3. General Provisions. This Assignment and Acceptance shall be binding upon, and inure to the benefit of, the parties hereto and their respective successors and assigns. This Assignment and Acceptance may be executed in any number of counterparts, which together shall constitute one instrument. Delivery of an executed counterpart of a signature page of this Assignment and Acceptance by telecopy shall be effective as delivery of a manually executed counterpart of this Assignment and Acceptance. This agreement shall be governed by, and construed in accordance with, the laws of the State of New York.
4. Fees. This Assignment and Acceptance shall be delivered to the Agent with a processing and recordation fee of $3,500, to the extent required by the terms of the Credit Agreement, unless such fee has been waived by the Agent in its sole discretion.
5. Conditions to Effectiveness.
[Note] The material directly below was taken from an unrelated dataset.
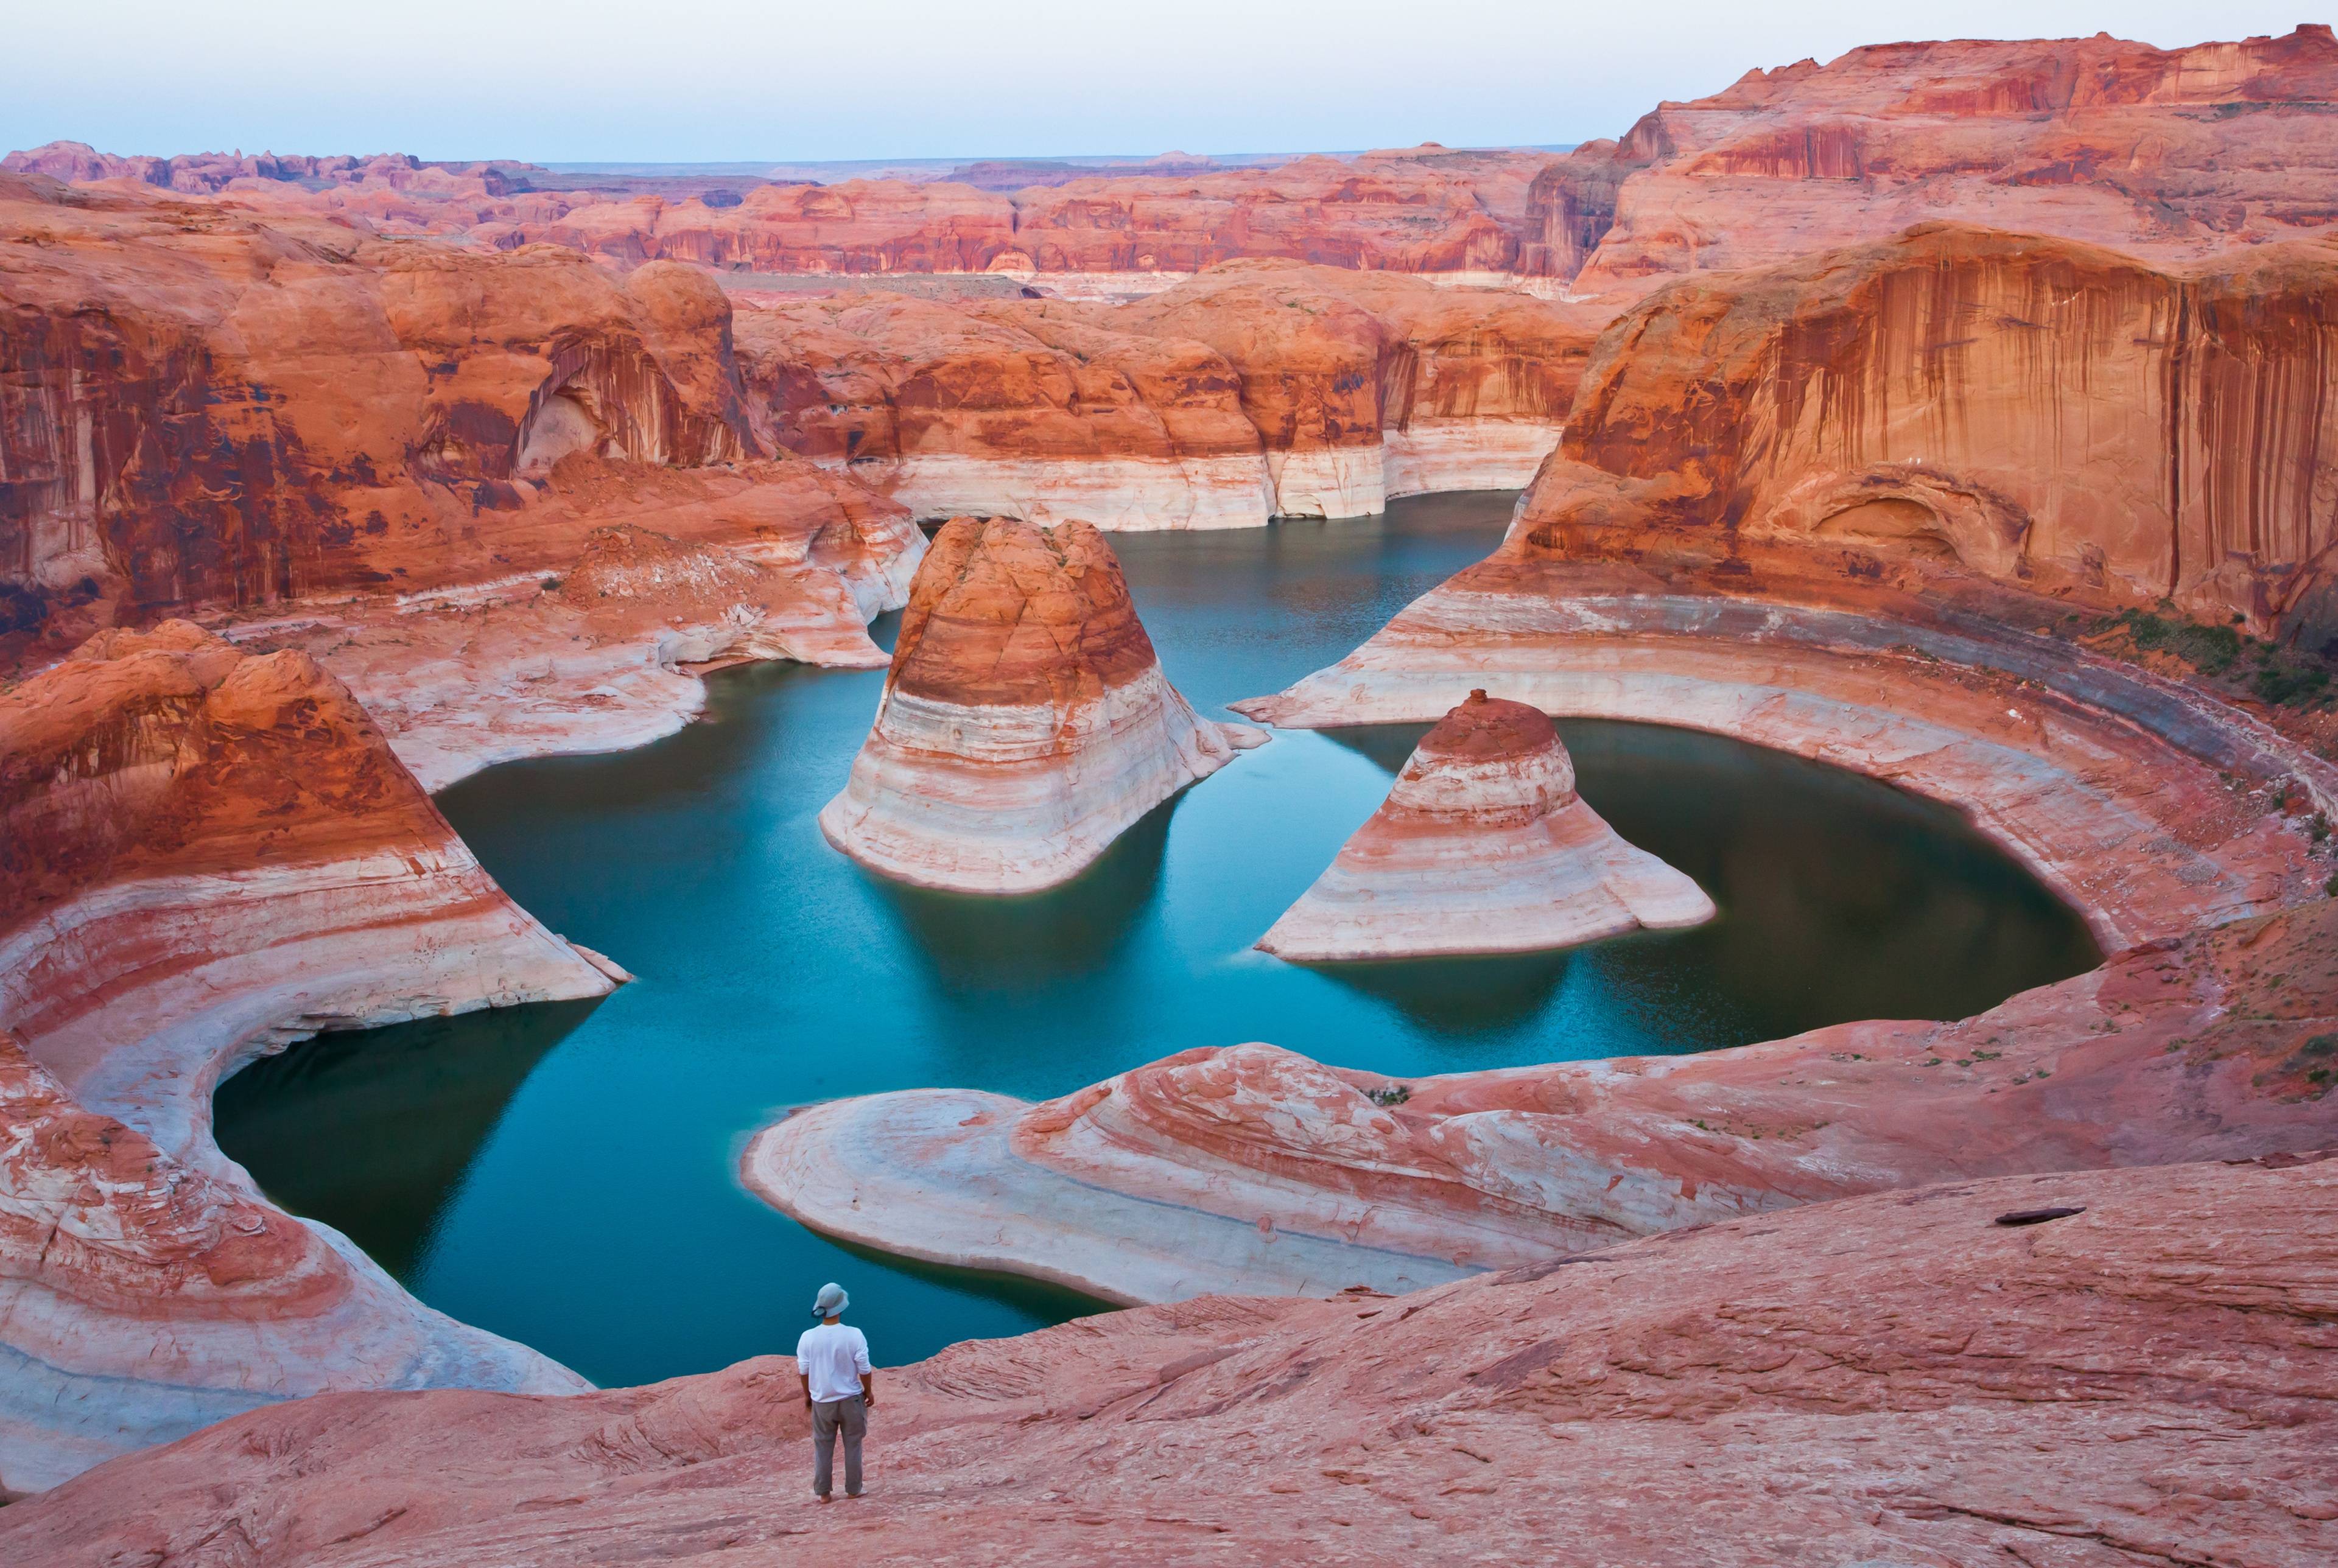 Viaggiate attraverso l'Arizona, lo Utah e il Nevada e ammirate le meraviglie naturali del Sud-Ovest

It shall be a condition precedent to the Effective Date that: (1) Assignee shall have executed a joinder to the Cash Collateral Agreement in form and substance reasonably satisfactory to the Agent, (2) Assignee shall have deposited cash into the “Account” (as defined in the Cash Collateral Agreement) in an amount equal to 102% of its L/C Commitment; (3) the representations and warranties of the Assignee (in its capacity as Pledgor) set forth in the Cash Collateral Agreement are true and correct in all material respects as of the Effective Date (unless such representation and warranty is qualified by materiality, in which case such representation and warranty shall be true and correct in all respects); and (4) the Assignee shall have delivered to the Agent resolutions, certificates and opinions comparable to such documents delivered by the L/C Lenders to the Agent on the “Effective Date” (as defined in the Credit Agreement), all in form and substance reasonably satisfactory to the Agent.